Liberdade, transparência e colaboração como prática de governo

Quando um governador participa da abertura de um evento em defesa do software livre e, mais que isso, promove, dentro da programação, um momento de ouvir formalmente os participantes como parte de um programa institucional de promoção da participação cidadã, ele passa um recado para a sociedade. Ao fazer um #GovernoEscuta dentro do Forum Internacional Software Livre (Fisl), que aconteceu de 29 de junho a 2 de julho, Tarso Genro disse aos gaúchos, com seu gesto muito mais do que com palavras – embora também com elas –, que está disposto a ampliar o incentivo à colaboração em rede, usando e fomentando o uso de software livre. Que veio ao Fisl ouvir o que está sendo dito para implementar no governo.

Este é o objetivo do Governo Escuta, de acordo com o Gabinete Digital. E é por isso que o gesto vale tanto, porque não é tão comum quanto deveria ser um governo parar para escutar seus cidadãos a fim de transformar suas demandas em políticas públicas. O objetivo, para Tarso, é que “o Rio Grande do Sul se torne uma referência na radicalização da democracia”.

Como o objetivo era ouvir, o governador falou pouco, no final. Deixou seus convidados, referências no debate do compartilhamento do conhecimento e do software livre, estenderem-se mais. Fez bem, pois tivemos uma baita aula.

Alexandre Oliva e a liberdade

Antes de Tarso, falaram quatro convidados. Destaco aqui o conteúdo da apresentação de dois deles. O representante da Free Software Fundation LatinoAmerica, Alexandre Oliva, que chegou dizendo que “software livre nasceu pra trazer liberdade”. A frase tem um significado importante, porque a tecnologia é historicamente desenvolvida para servir aos interesses de quem a cria, não de quem a utiliza. Subverter essa lógica e desenvolver tecnologia para “contribuir para a sociedade, melhorar a sociedade” é fantástico.

Por isso, Oliva propôs a reflexão sobre que tipo de tecnologia a gente quer. Com a “obrigação de preservar o cidadão”, nossos governos deveriam, segundo ele, incentivar o uso de software livre, “que respeita a transparência e a autonomia e que não cria monopólio”, possibilitando, assim, que os dados tornem-se permanentemente públicos. Além de não ficar refém de softwares proprietários, os governos gastariam menos adaptando softwares já existentes e ainda incentivariam as pequenas empresas. A Venezuela já está fazendo essa migração.

A provocação de Oliva foi além, ao sugerir que o software livre entrasse também no currículo das escolas, porque, afinal, “a gente quer formar cidadãos conscientes e livres, a gente não quer conformar consumidores; a gente quer transmitir valores de solidariedade e de liberdade”. Para que os alunos aprendam a compartilhar e a questionar.

“Software livre é pra formar sociedade livre”, concluiu, no mesmo tom em que começou.

Sergio Amadeu e a transparência

Quem também deu importantes contribuições para o debate e sugestões para o governo foi o sociólogo Sergio Amadeu, focado na transparência, que deve ser “efetivamente processada pelos cidadãos”, não editada por quem está no poder.

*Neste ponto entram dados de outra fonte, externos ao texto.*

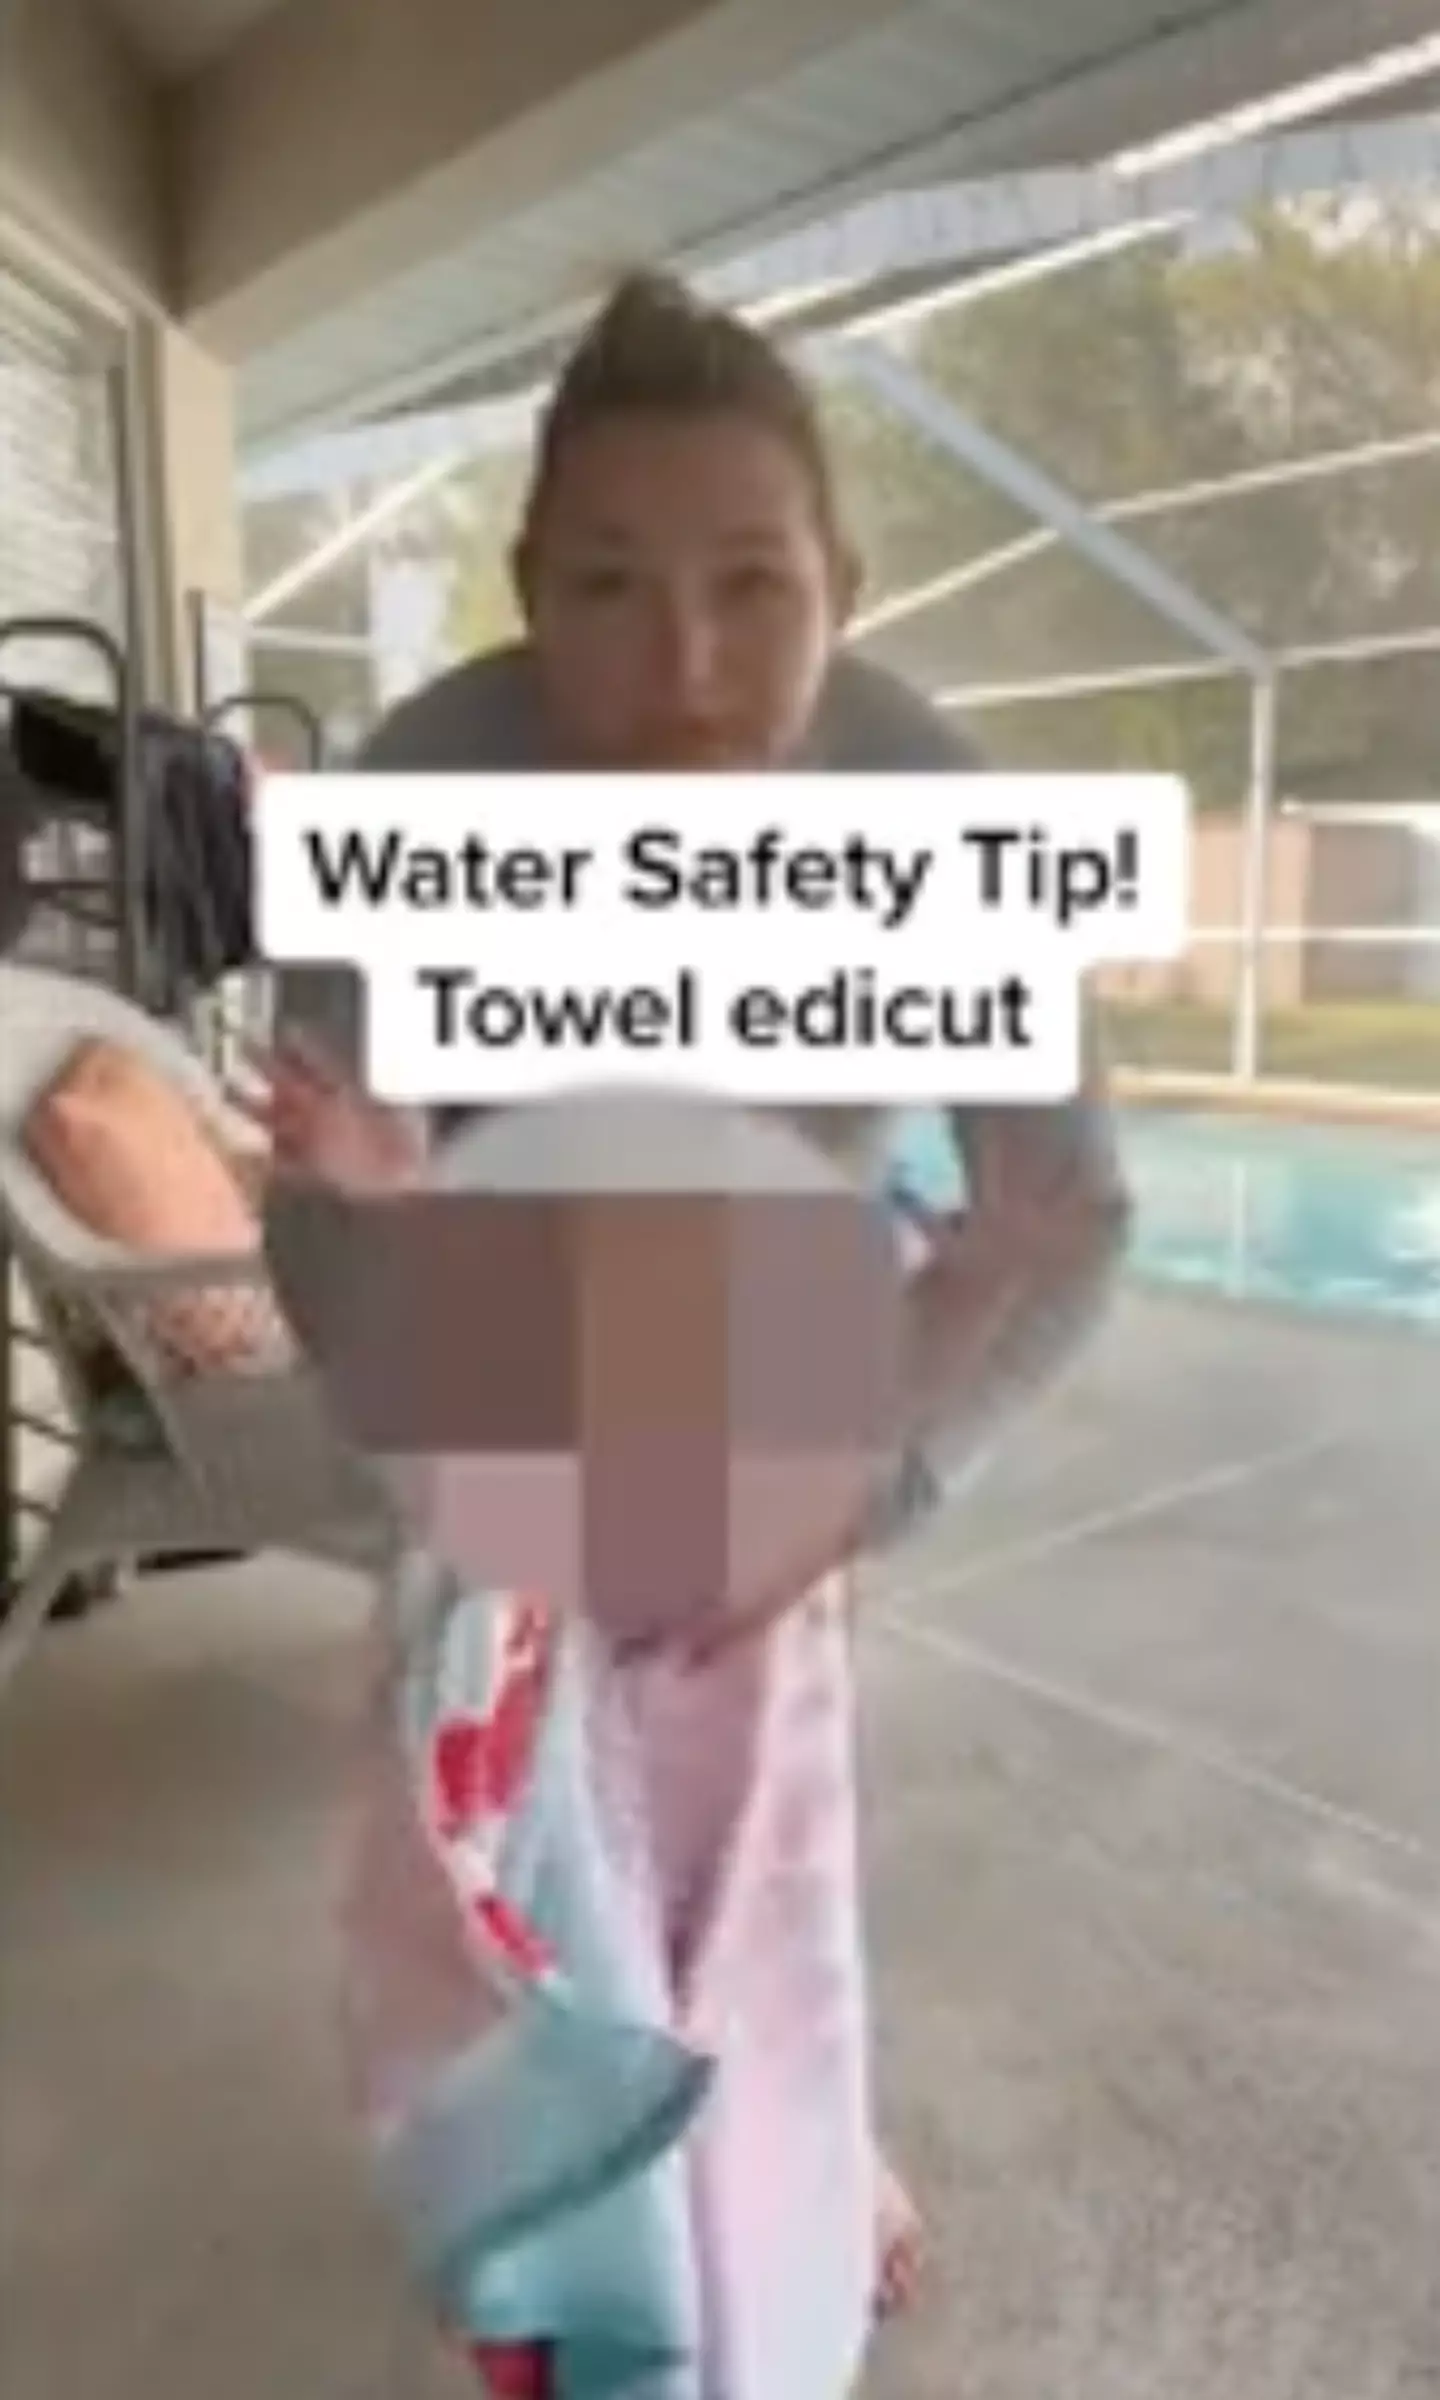 It's safer to put the towel underneath the child's arms.

Isso seria necessário, segundo ele, para que possamos transcender nossa “democracia representativa de baixa intensidade” e atingir uma “democracia deliberativa de alta intensidade, interativa”. Mas as condições para que atinjamos esses objetivos nós ainda não temos. Dependemos de uma banda larga de qualidade para todos os cidadãos e cidadãs e um marco civil da internet.

Para Sergio Amadeu, temos que investir em software livre para efetivar esse cenário. “Precisamos de formatos abertos pra garantir um governo aberto, que possa ser transparente nos seus dados, pra que eles possam ser lidos e analisados sem restrição pelos computadores dos cidadãos.” Com um formato proprietário, é impossível saber se a empresa que o desenvolveu não vai bloqueá-lo, impedindo o acesso a dados públicos no futuro.

“Precisamos apostar no individualismo colaborativo, a cultura hacker, além de um governo aberto, com recursos educacionais abertos e tecnologias colaborativas”, disse Amadeu, definindo o potencial da cultura digital em suas práticas recombinantes (a criação nasce de um acúmulo cultural já desenvolvido por outros) e na reconfiguração das coisas pelos usuários (adaptar o material produzido pelos outros, transformá-lo, evoluir em seu conceito). Para ele, é papel do governo incentivar essas práticas colaborativas.

Tarso garantiu ter prestado atenção direitinho para incluir as propostas em seu governo. Agora é só fazer.